▶ _DATASET RECORDS_:

----

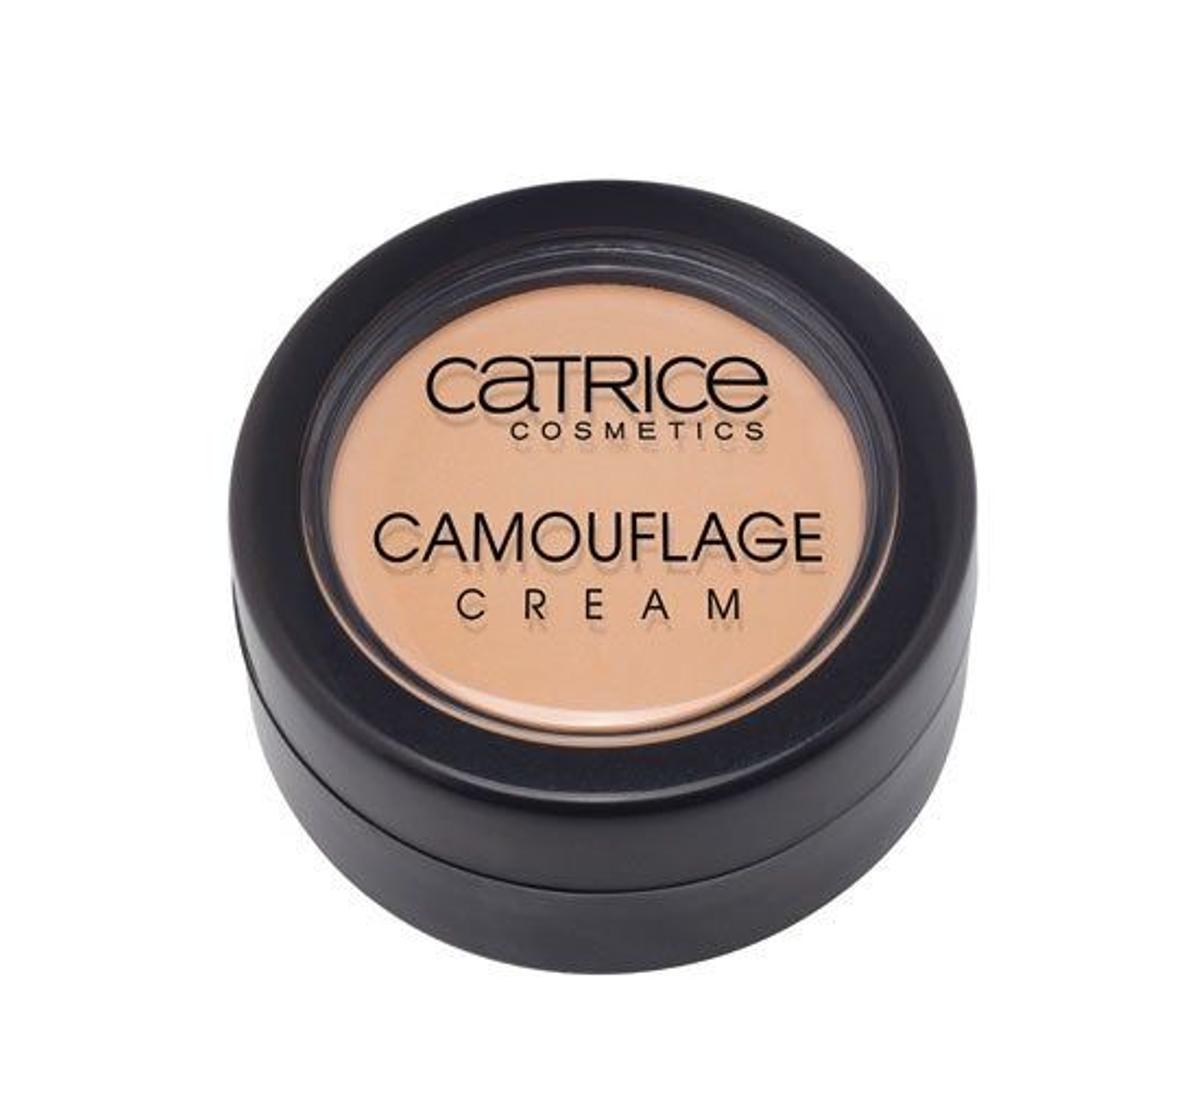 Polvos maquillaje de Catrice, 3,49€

----

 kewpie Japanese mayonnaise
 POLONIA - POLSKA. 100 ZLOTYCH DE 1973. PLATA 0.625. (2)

----

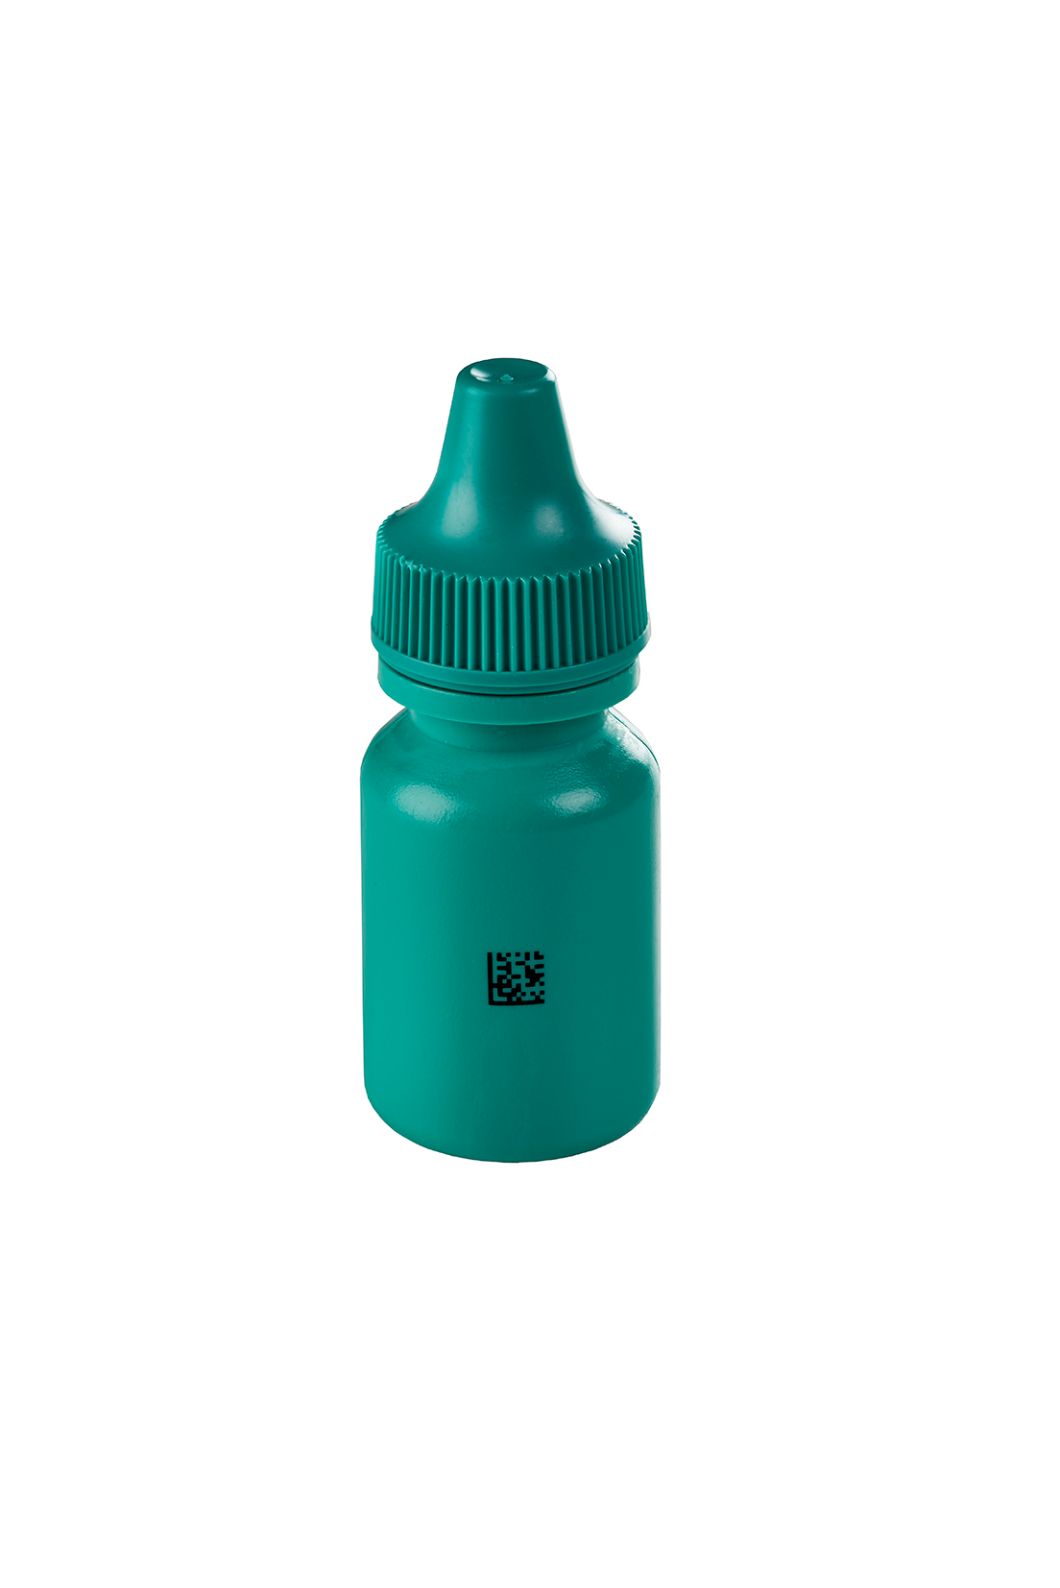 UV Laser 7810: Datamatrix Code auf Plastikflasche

----

▶ _WHAT IS EXPECTED_:
Beginning with the line containing "kewpie Japanese mayonnaise" and ending with the line containing "POLONIA - POLSKA.", extract those lines exactly from the listing above, and only those.

▶ _EXERCISE ANSWER_:
 kewpie Japanese mayonnaise
 POLONIA - POLSKA. 100 ZLOTYCH DE 1973. PLATA 0.625. (2)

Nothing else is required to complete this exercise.